• [Dataset excerpt]:
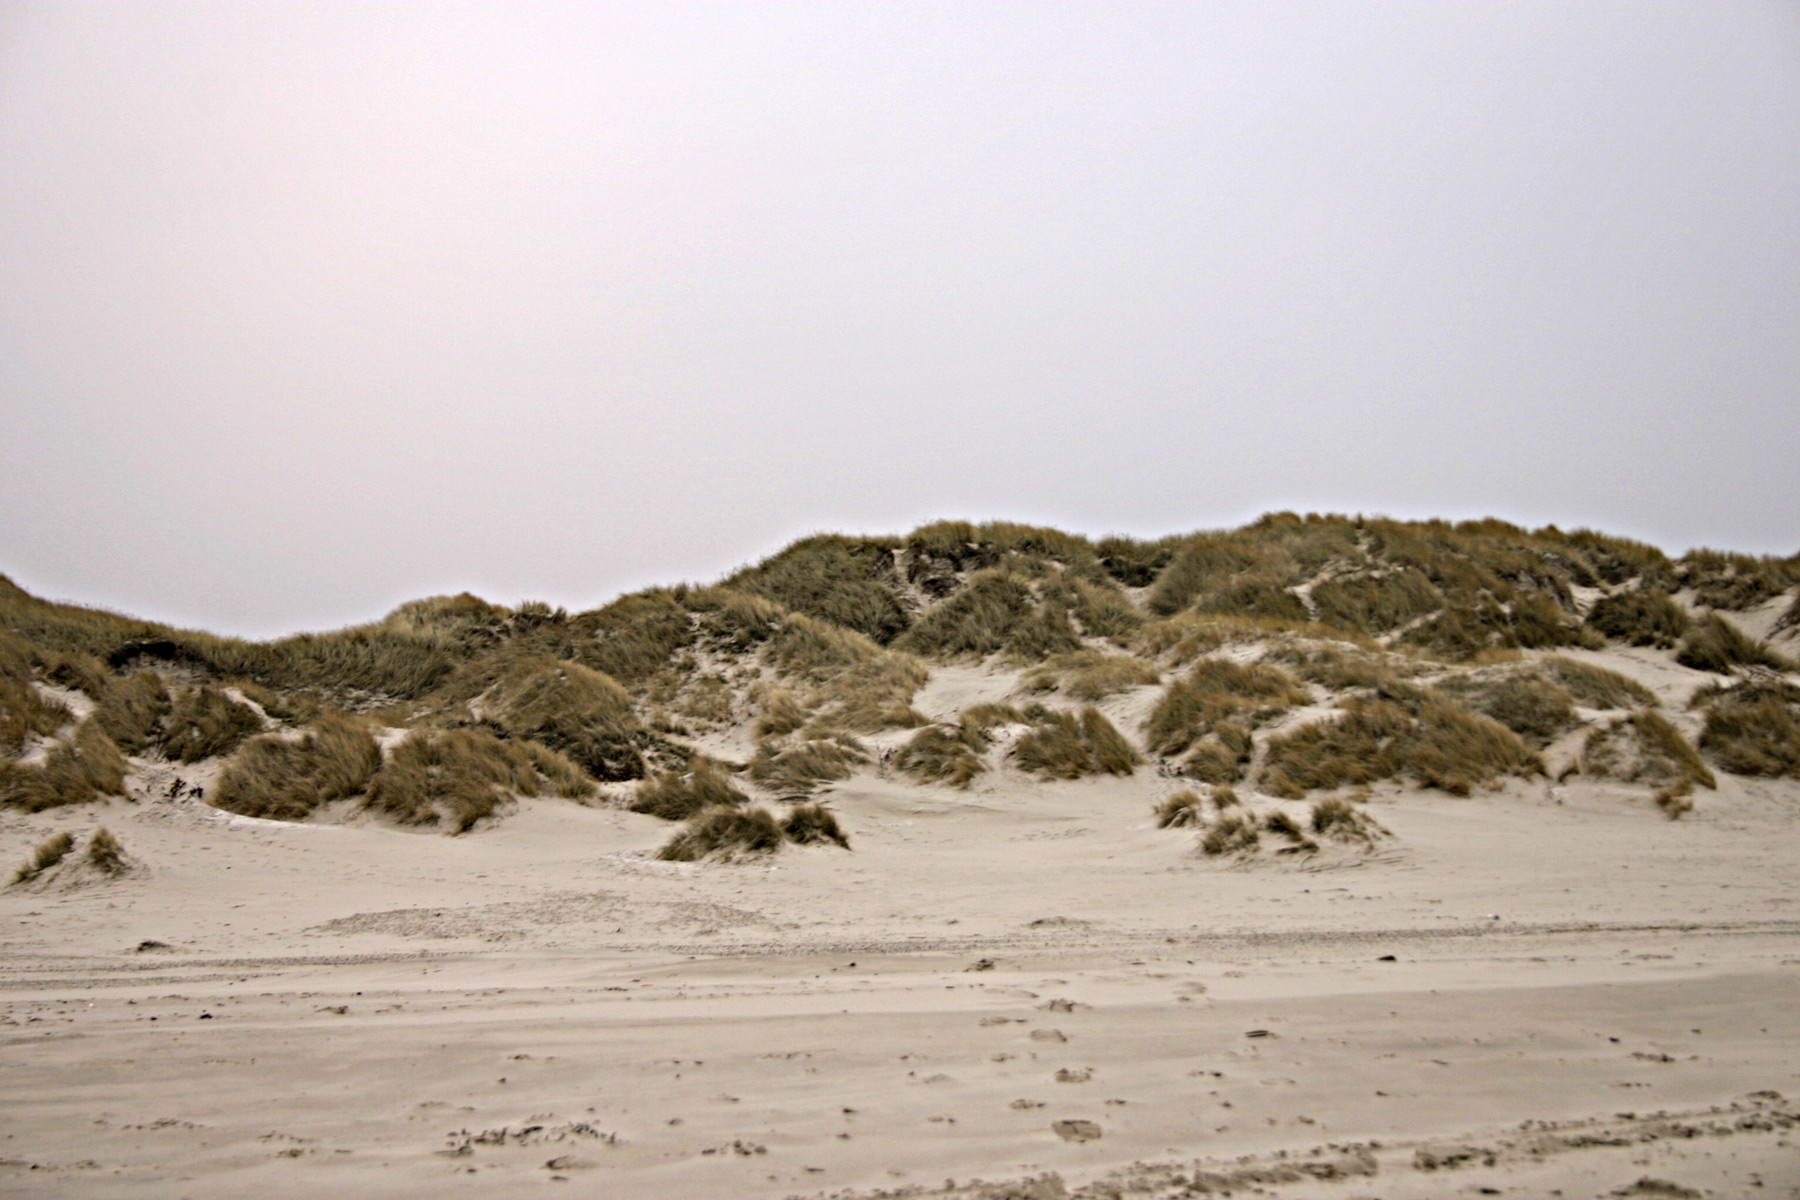 Sand dunes, Beach, Dune, Sand, Straws, HQ Photo
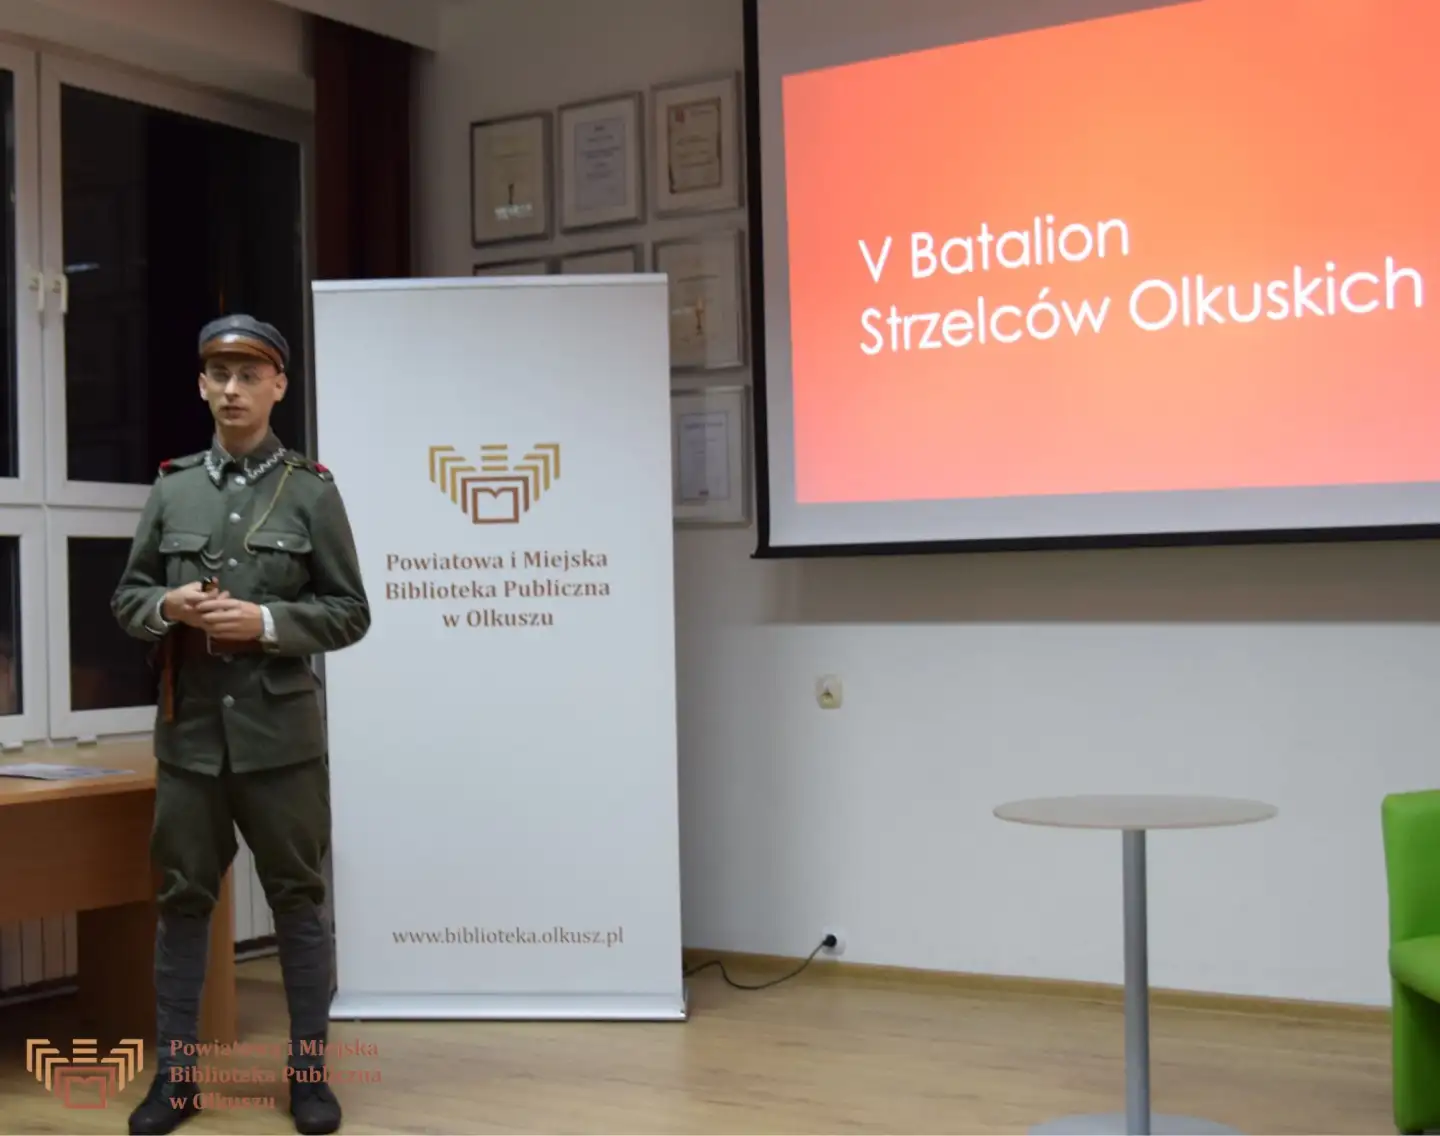 Zdjęcie przedstawia młodego mężczyznę w mundurze żołnierza AK. Za nim stoi biały baner z logo i napisem Powiatowa i Miejska Biblioteka Publiczna w Olkuszu oraz ekran z wyświetlonym slajdem i napisem: V Batalion Strzelców Olkuskich.
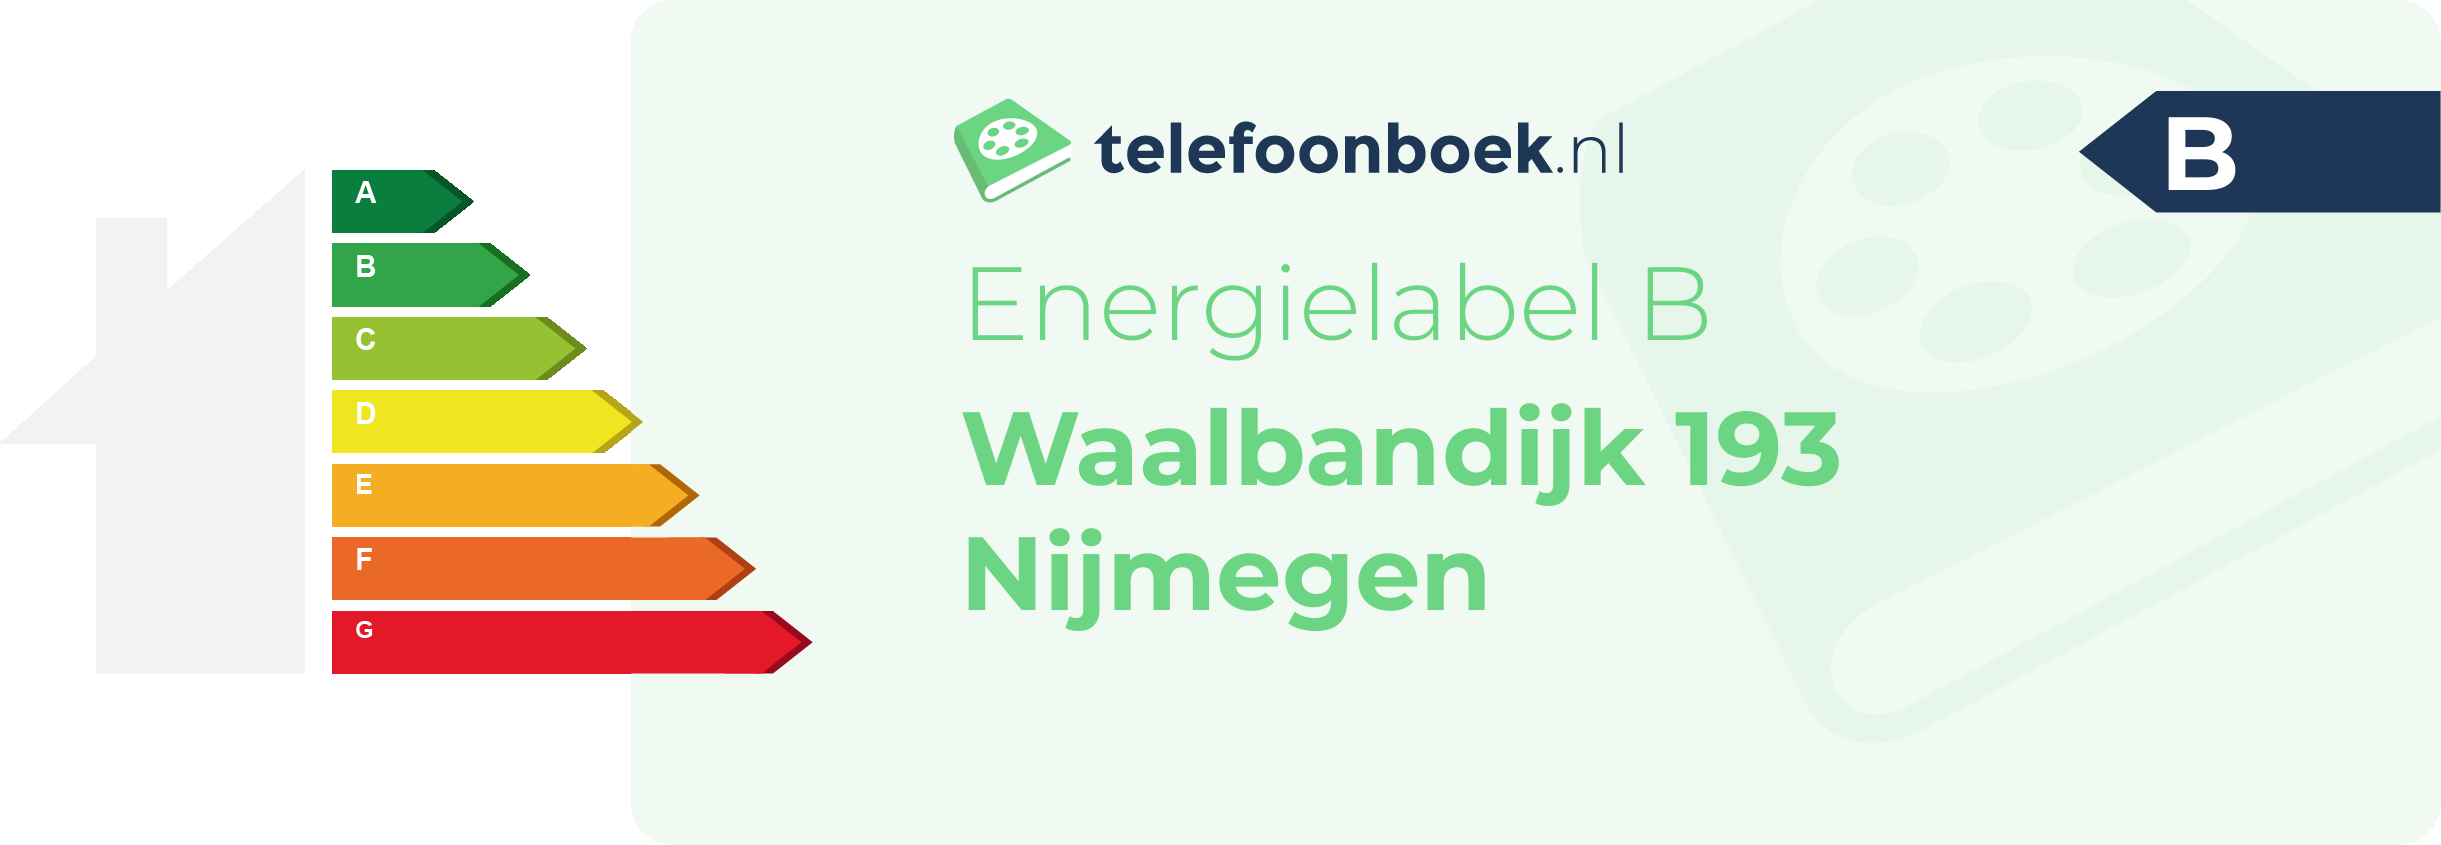 Energielabel Waalbandijk 193 Nijmegen

• [What you are asked to do]:
In the listing above, retype exactly, and only, the lines from the one containing "Zdjęcie przedstawia młodego" through the last line, both included. Omit the pictures.

• [Response]:
 Zdjęcie przedstawia młodego mężczyznę w mundurze żołnierza AK. Za nim stoi biały baner z logo i napisem Powiatowa i Miejska Biblioteka Publiczna w Olkuszu oraz ekran z wyświetlonym slajdem i napisem: V Batalion Strzelców Olkuskich.
 Energielabel Waalbandijk 193 Nijmegen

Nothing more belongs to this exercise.